The Patent and Trademark Office inter partes review process improved patent quality and restored “public confidence in the patent system, which had eroded due to bad quality patents that were harming innovation,” said High Tech Inventors Alliance General Counsel John Thorne Wednesday. PTO Director Andrei Iancu testified before Congress that day (see 1804180073). The group warned against legislative proposals potentially “stripping the vitality of Section 101” of patent law and “creating high levels of uncertainty” in the patent granting process. The Supreme Court decisions discussed Wednesday “have benefited innovation” by striking down abstract patents, the group said.
Silicon Labs completed the acquisition of Sigma Designs' Z-Wave business, including some 100 employees, for $240 million cash, they said Wednesday. Silicon Labs announced in December a definitive agreement to buy Sigma for $282 million, contingent on Sigma's sale or “wind-down” of its slumping smart TV business. The companies restructured the deal for $240 million in February (see 1801310032).

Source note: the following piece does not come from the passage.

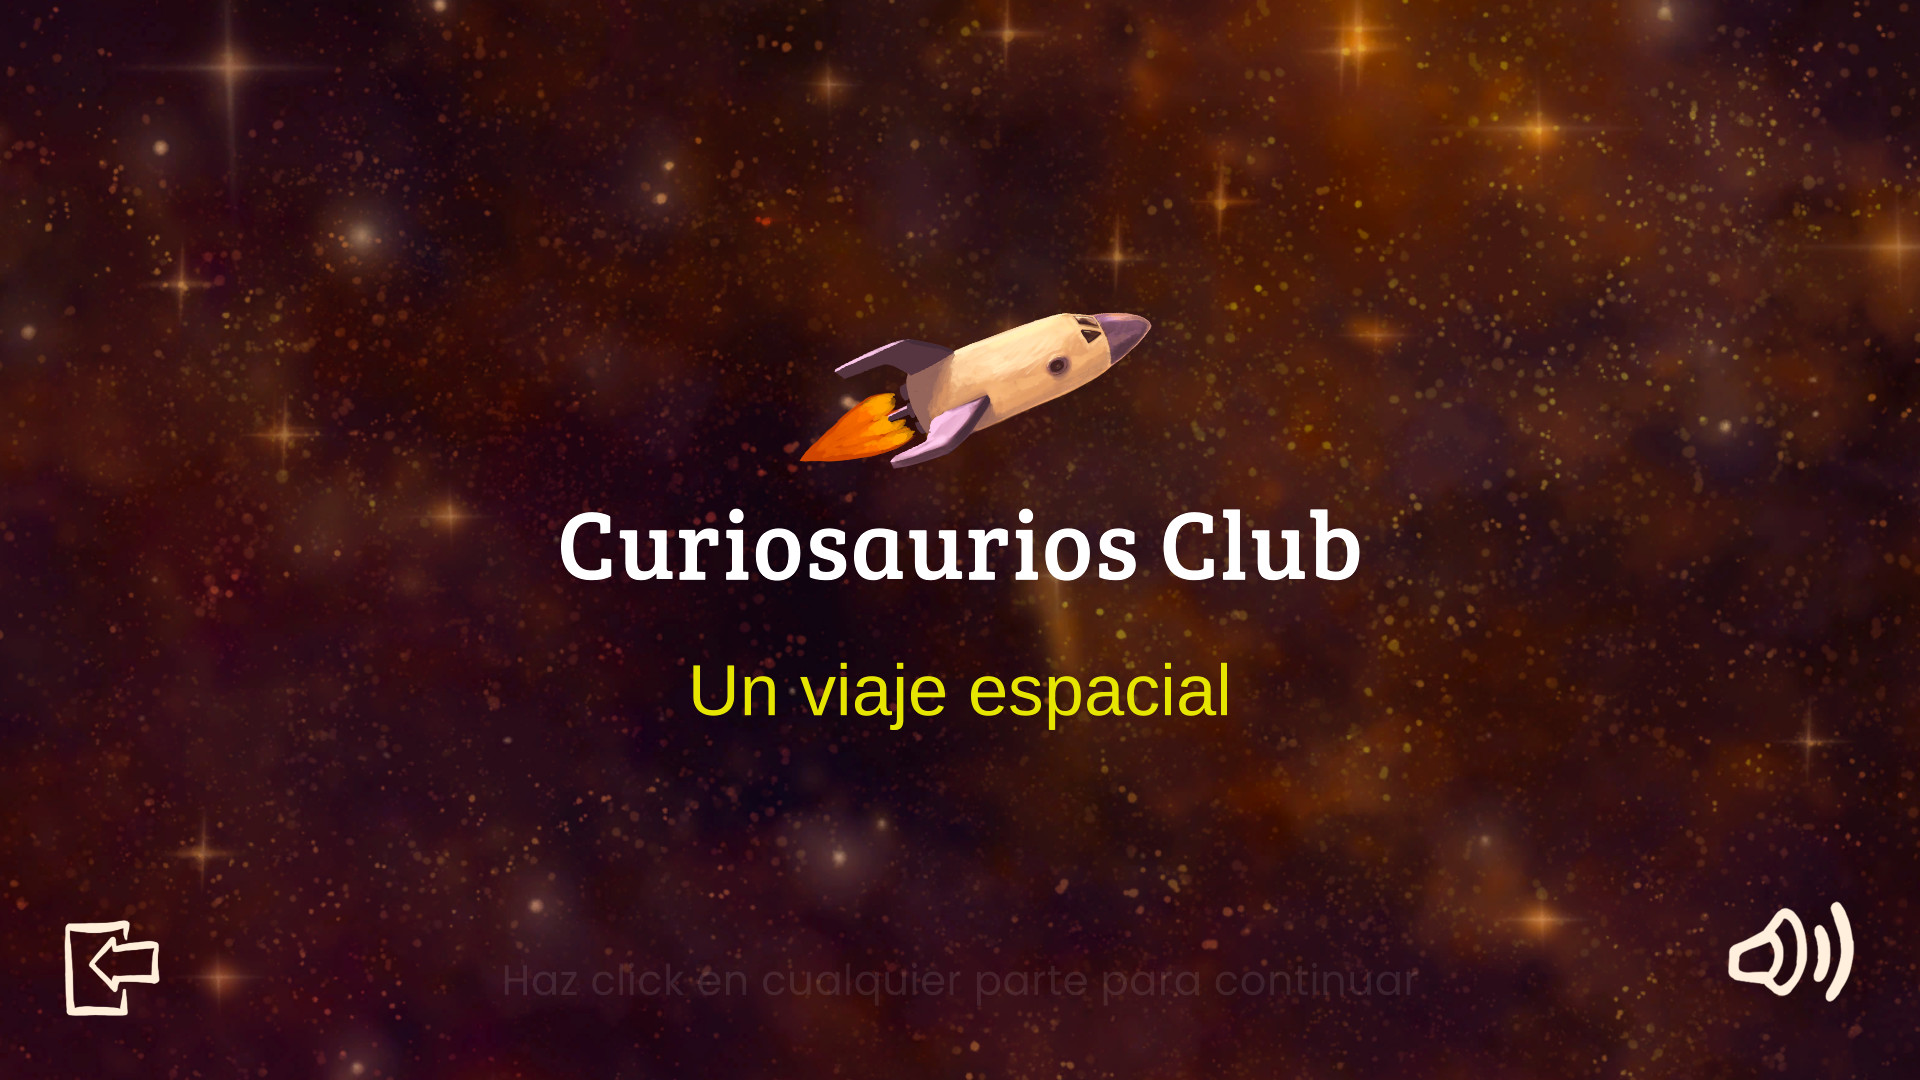 Curiosaurios Club. Un viaje espacial screenshot

The Internet Association “continues to support a ban on paid prioritization because it hurts consumers and lets ISPs pick winners and losers online,” a spokesman responded to a Tuesday House Communications Subcommittee hearing on the practice (see 1804170037). “Strong net neutrality protections that ban blocking, throttling, and paid prioritization ensure that people get what they pay for -- access to the entire internet. Paid prioritization incentivizes ISPs to reduce investment and maintain congested networks.”
U.S. consumers strongly prefer smartphones over digital home assistants as smart home controllers, said GfK Tuesday. The company canvassed 1,000 consumers online and found that 83 percent use their smartphones at home, compared with 75 percent for laptops, 54 percent for PCs and 34 percent for videogame consoles. It's "no surprise” consumers also regard smartphones as their preferred smart home “hubs,” said GfK, “especially for the many appliances that allow controlling and viewing the home at a distance.” Users of digital assistants remain very loyal to their devices, it said. Fifty-one percent of such users regard their devices as “extremely integrated” into daily lives, even though 75 percent bought their digital assistants less than a year ago. Worries about personal privacy could account for a “major obstacle to adoption” for digital assistants, it said, with 35 percent citing privacy as a big concern.